I See You
by Clare Mackintosh
You do the same thing every day.
You know exactly where you’re going.
You’re not alone.
When Zoe Walker sees her photo in the classifieds section of a London newspaper, she is determined to find out why it’s there. There’s no explanation: just a website, a grainy image, and a phone number. She takes it home to her family, who are convinced it’s just someone who looks like Zoe. But the next day the advert shows a photo of a different woman, and another the day after that.
Is it a mistake? A coincidence? Or is someone keeping track of every move they make.
3.5 of 5 Stars
It took me a long time to get into this story for a few different reasons. First, the story progresses by going through alternating perspectives. In the first few chapters, this was more confusing than helpful. It’s not clear how the two separate story lines have anything to do with each other at first. It also didn’t help that I had trouble connecting with the characters. This was especially true with Zoe Walker who annoyed me greatly. I felt for her circumstances but found myself growing frustrated not only with her thought process but also many of her behaviors. I hated the way she treated her family and live in boyfriend.
I connected a little more with Kelly but found myself actually growing angry with her based on her interactions with her twin sister. While her personality is vastly different from Zoe’s, she also made a series of decisions that were frustrating. What I found even more irritating was how little repercussion she seemed to really have based on these poor decisions. As an example, she chooses to disclose certain information at a critical point in the investigation which is in direct opposition to a direct order from the lead detective on the case. Sure, she’s lectured, but it comes off more as a slap on the wrist and nothing else really comes of it. It’s not that it isn’t possible but it wasn’t the only example of her sort of ‘getting away’ with doing her own thing.
As you can tell I had a lot of issues with the story but somehow they all seemed to evaporate once I got into the last fourth of the book. I went from being sort of annoyed with the characters to being glued to the pages, devouring the final few chapters.
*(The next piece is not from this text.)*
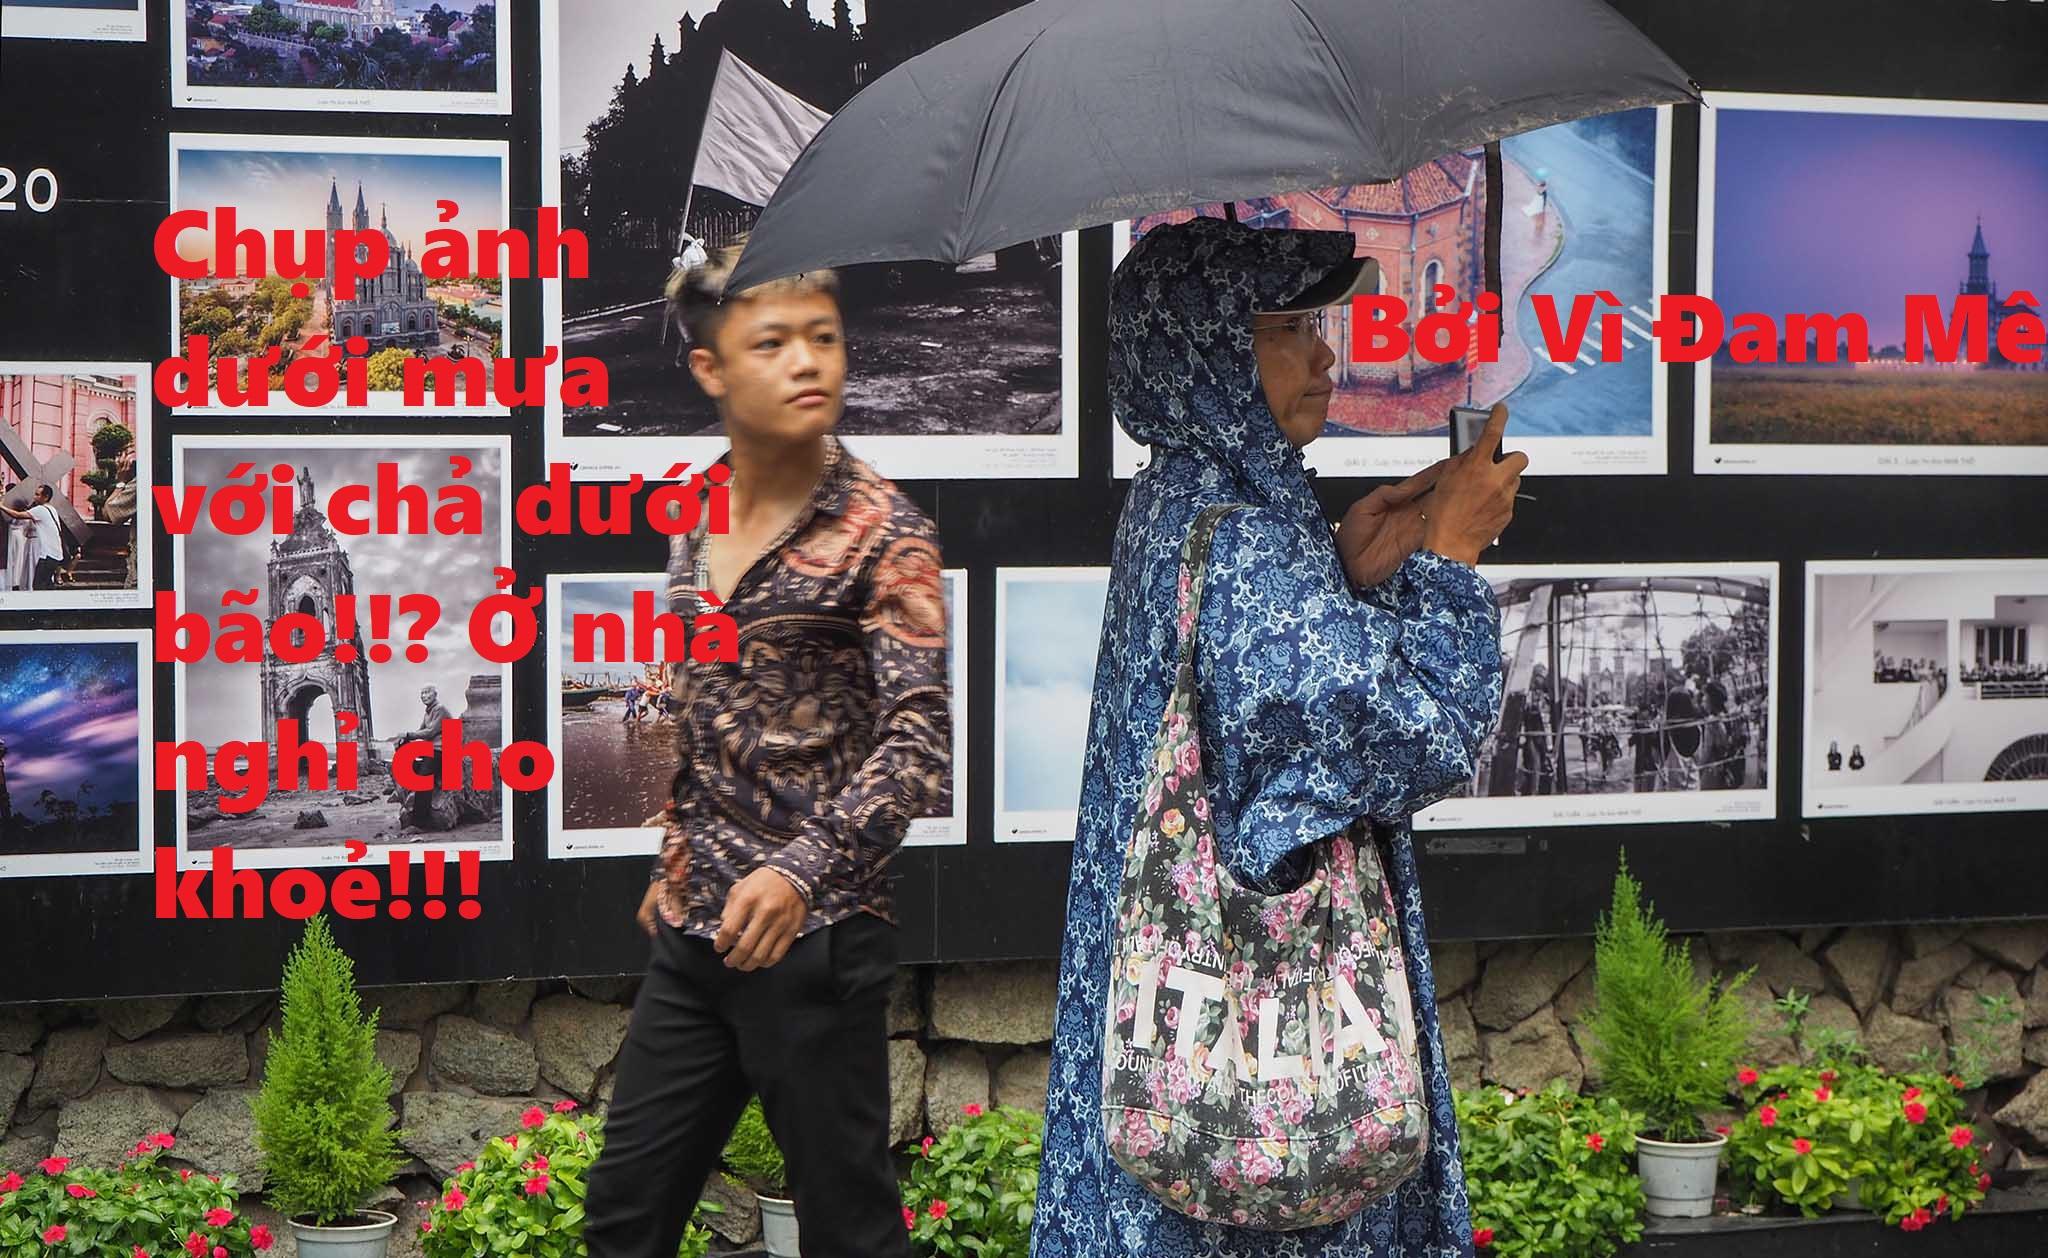 mưa.jpg

I had a few ideas of who ‘the bad guy’ could be but then was really surprised. I was able to guess a few of the other details and twists but was still left in shock with the final chapter. The story does wrap up but the end has a wide opening that leaves plenty of room for a possible sequel.
Overall, a decent mystery with a dash of thriller and suspense there at the end. While this book didn’t bother me all that much, I have to mention that it does include themes surrounding sexual assault, murder, and other victimization of women. None of these are portrayed graphically in any way but if you are sensitive to these topics you might want to take caution with this title.